Many words discuss education, but they aren’t used consistently from country to country. If there’s one time where you don’t want to make a mistake, it’s when you are talking about your schools! Here are some common words and how they are used in Canada.

  • University: A school that gives a Bachelor’s, Master’s, or Doctoral degree. They may also grant certificates or diplomas.
  • College: A school that gives certificates or diplomas only. They cannot give Bachelor’s, Master’s, or Doctoral degrees.
  • Degree – a Bachelor’s (usually 4 years), Master’s (usually 3 years), or Doctoral (usually 3 years) course of study at a university.
  • Major – the subject that you study in the most detail. (Special note: Many students use the word ‘career’ to mean ‘major,’ but this is incorrect. Your career is related to your work only, and has no necessary connection to your studying.)
  • Minor – a subject that you study in less detail than your major, but more than your electives.
  • Elective – a course that you take that is not related to your degree, diploma, or certificate, but that is required by your school.

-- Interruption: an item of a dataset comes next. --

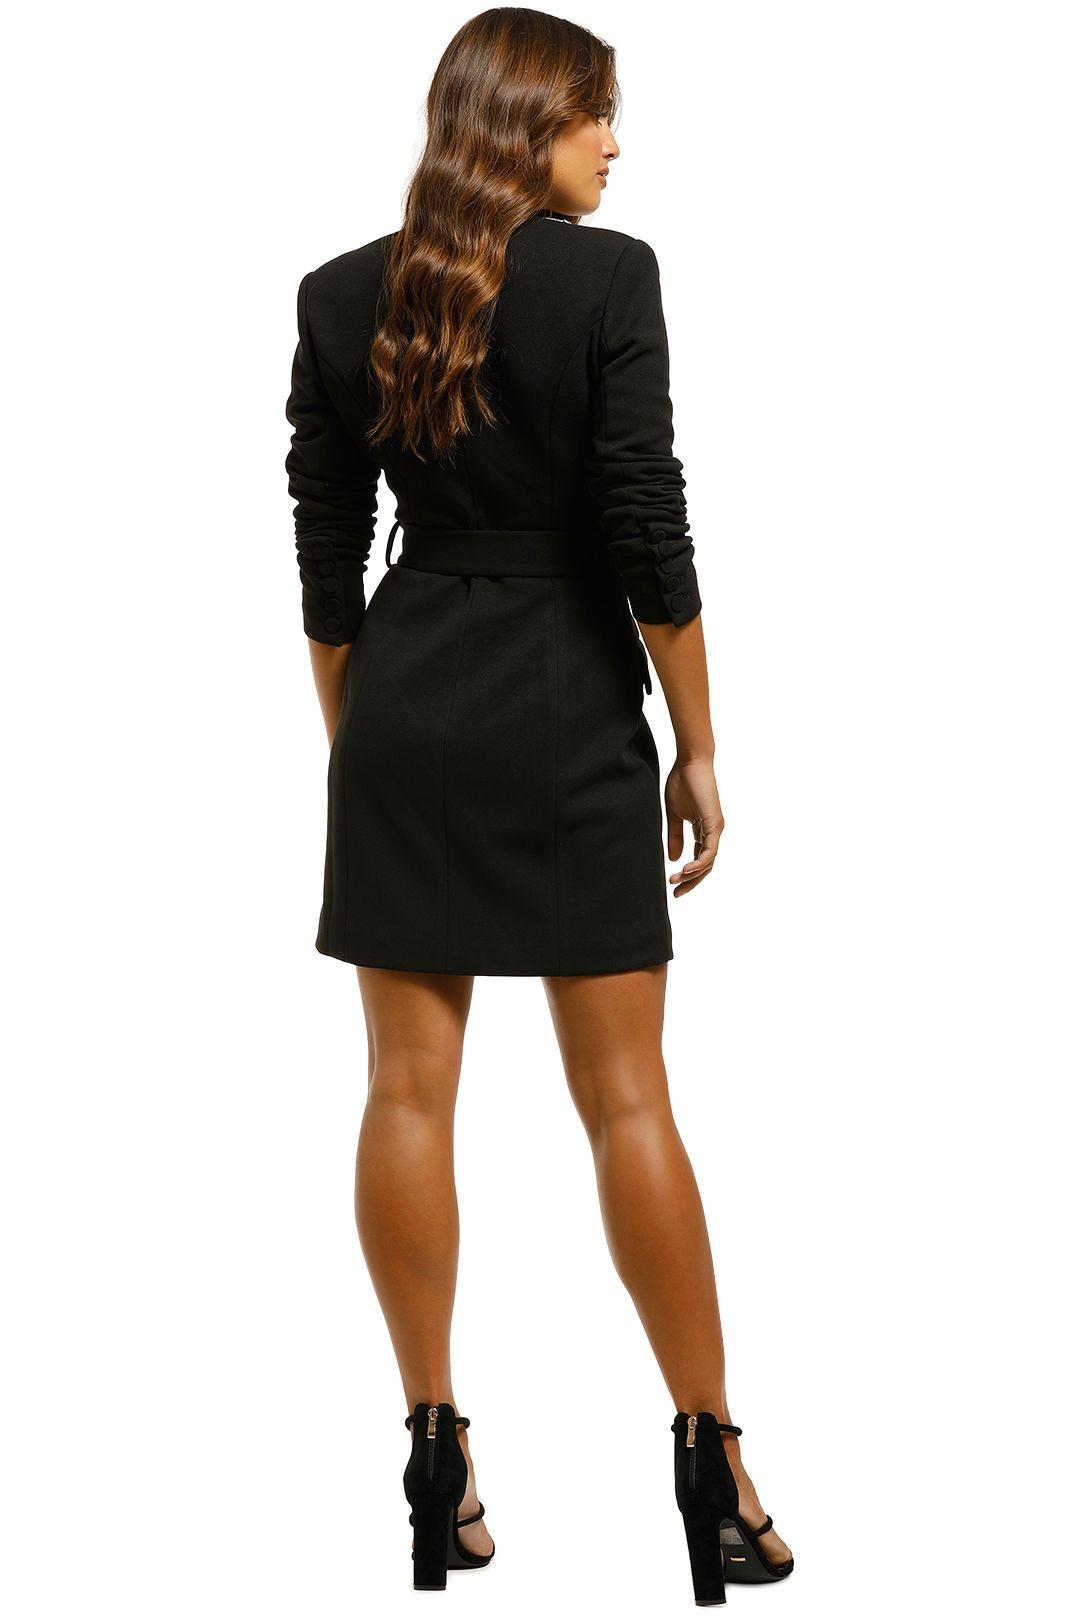 Misha-Helen-Blazer-Dress-Black-Back

Example: I completed my Bachelor’s degree in Economics at the University of Victoria. My major was economics, and I completed a minor in business administration. I took electives in music, art history, and biology. After that, I completed a programming certificate at a college for six months. Now, I work designing games for the iPhone. My career is in game development.

  • Diploma – A program that is longer than one year, usually offered through a college or technical school. These programs often train people for a specific job, such as nursing, auto mechanics, legal secretary, or web design.
  • Certificate – A program that is less than one year of study. These programs can also prepare people for specific jobs, but often simply train someone in a general subject. You might find certificate programs for software training, for example.
  • Post-secondary: Any schooling that is completed after graduating from high school.
  • Undergrad – short for undergraduate. Refers to a Bachelor’s degree, or a person studying towards that degree.
  • Postgrad – short for postgraduate. Refers to a Master’s or Doctoral degree, or a person studying towards those degrees.
  • Postdoc – short for postdoctoral. refers to study that is taken after completing a Doctoral program.

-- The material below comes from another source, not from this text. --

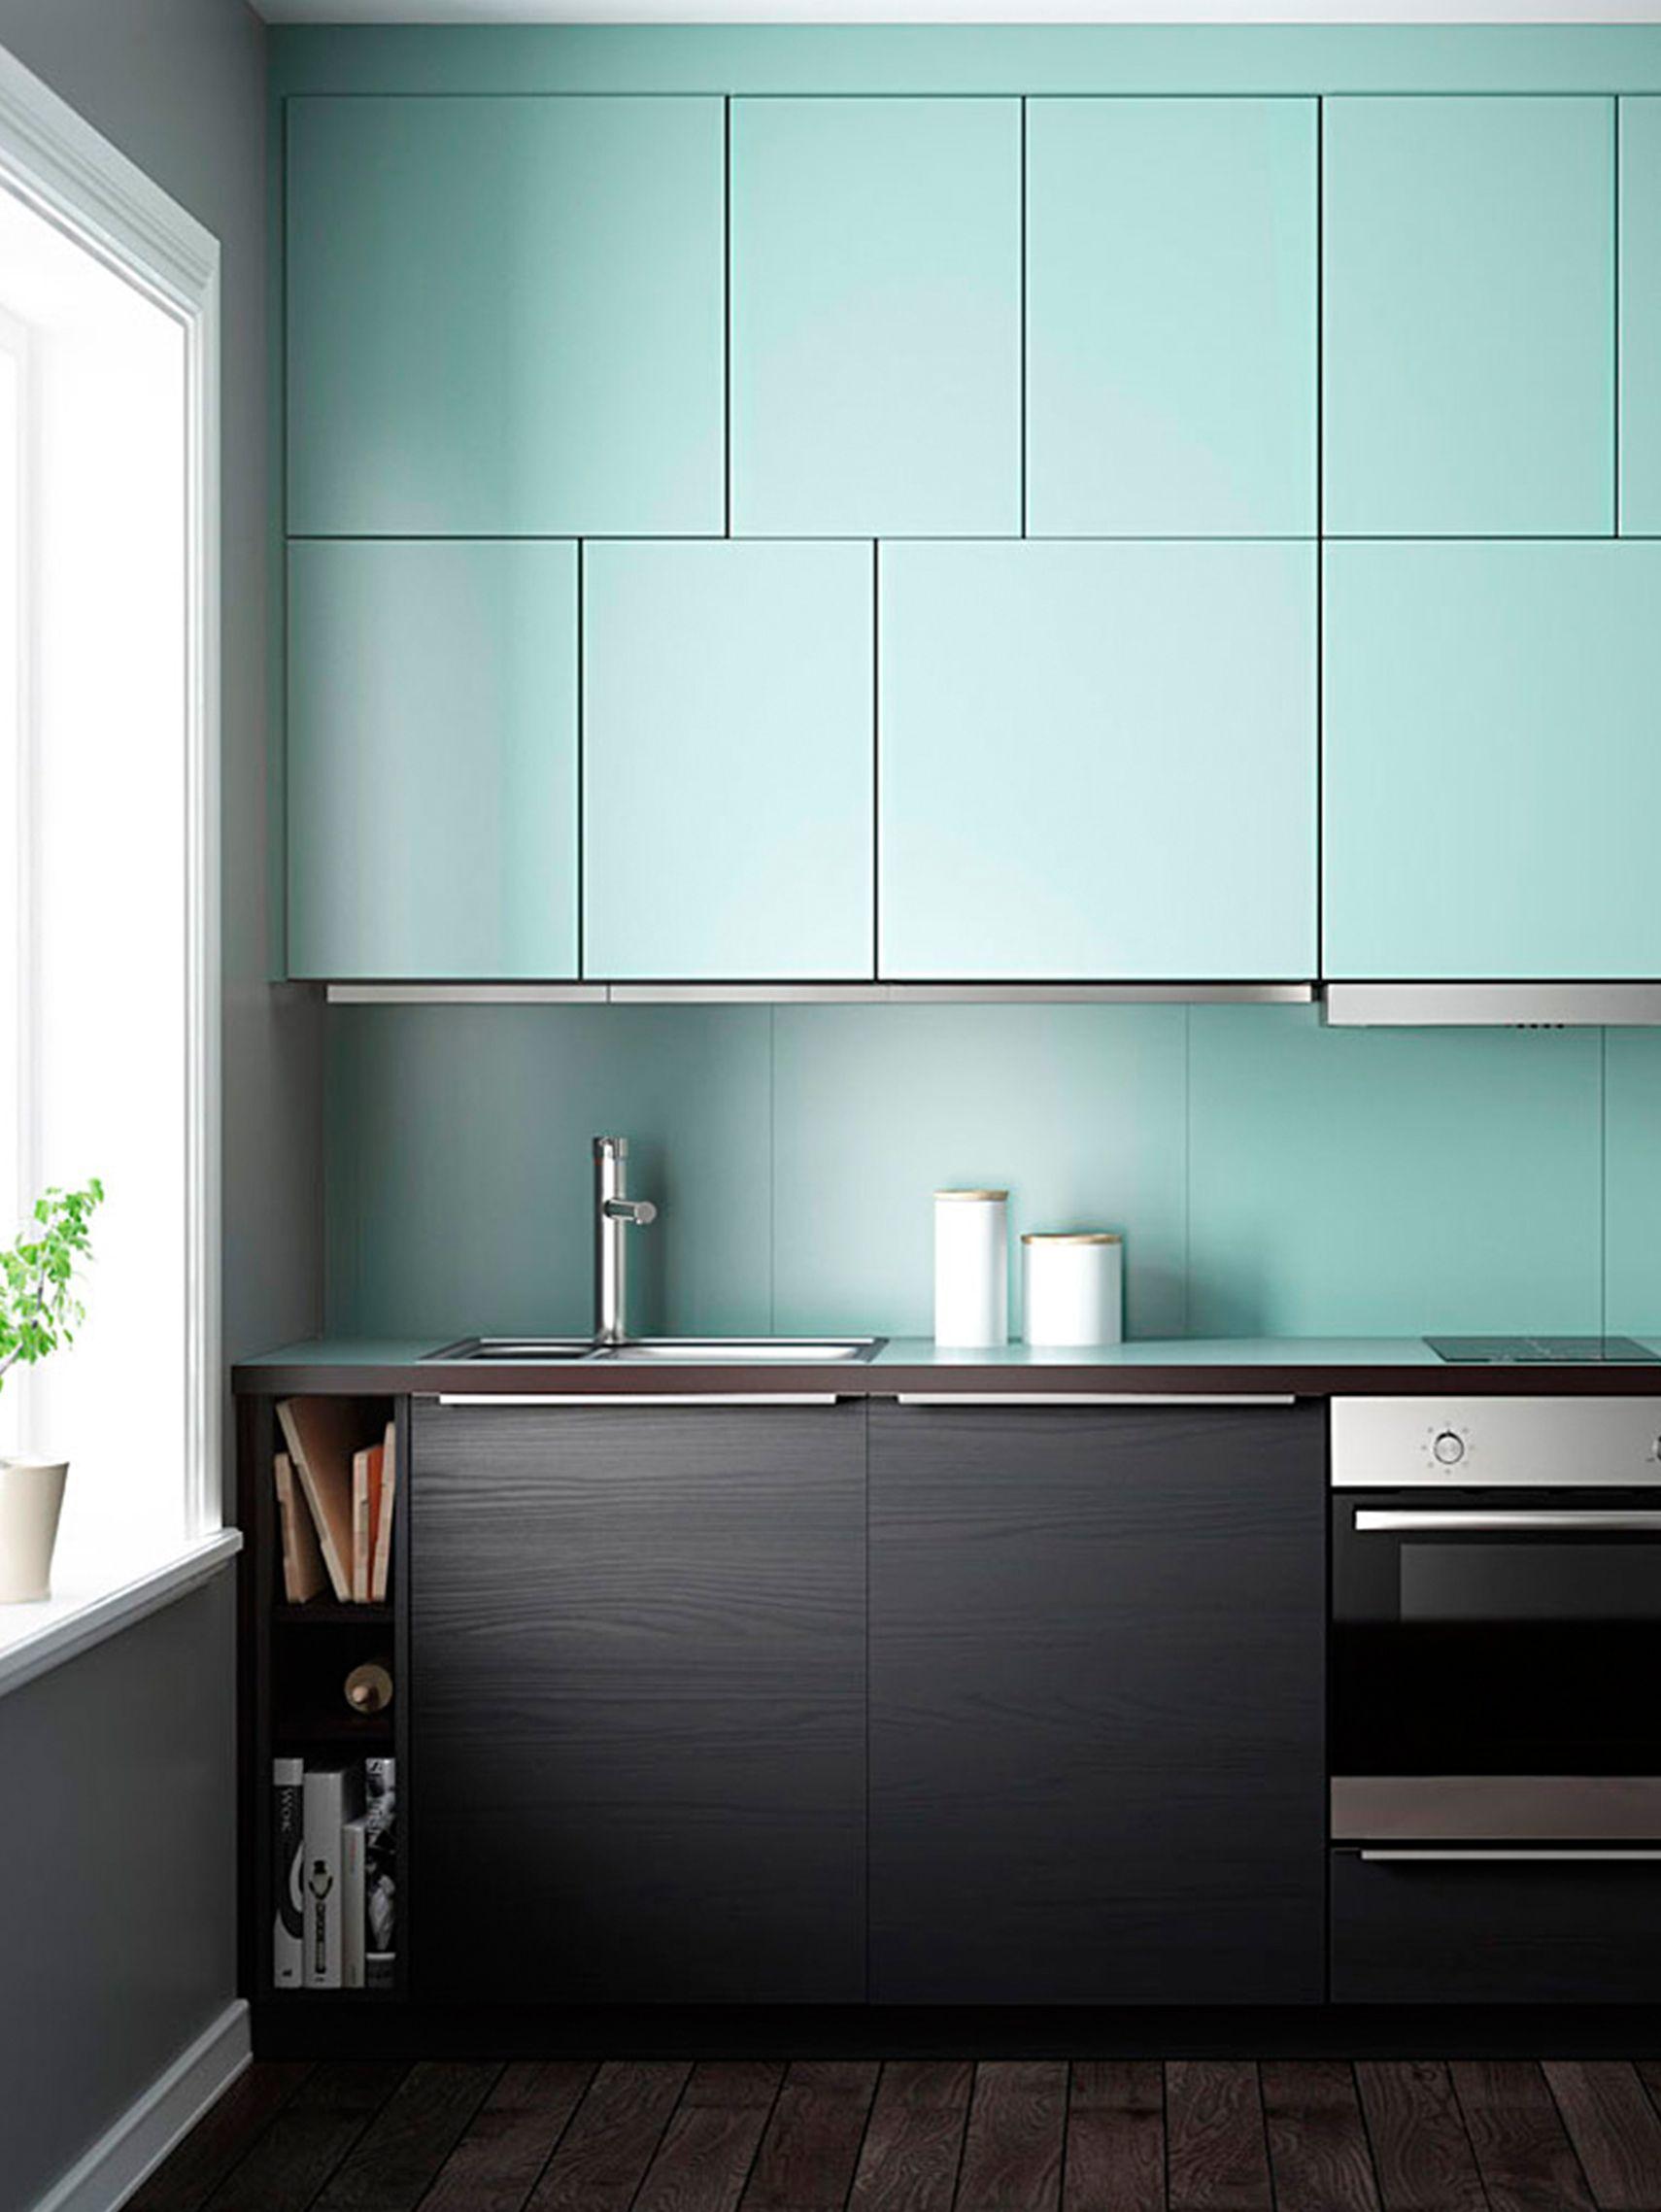 Pin by Juan el Autista on Domum | Pinterest | Kitchen design ...

Grades 1-12 – In Grade 1, a student is 6 years old, and goes to primary school. The grades progress upwards at a rate of one per year. The last year of highschool is Grade 12, when a student is typically 18 years old. These expressions are used for children and teenagers who are studying in primary (usually grades 1-6), middle (usually grades 7-9), and secondary (usually grades 10-12) schools only.

  • First-year: a person in the first year of their post-secondary education. In America, this person is called a freshman.
  • Second-year: a person in the second year of their post-secondary education. In America, this person is called a sophomore.
  • Third-year: a person in the third year of their post-secondary education. In America, this person is called a junior.
  • Fourth-year: a person in the fourth (or greater) year of their post-secondary education. In America, this person is called a senior. Note: The American names are not commonly used in Canada.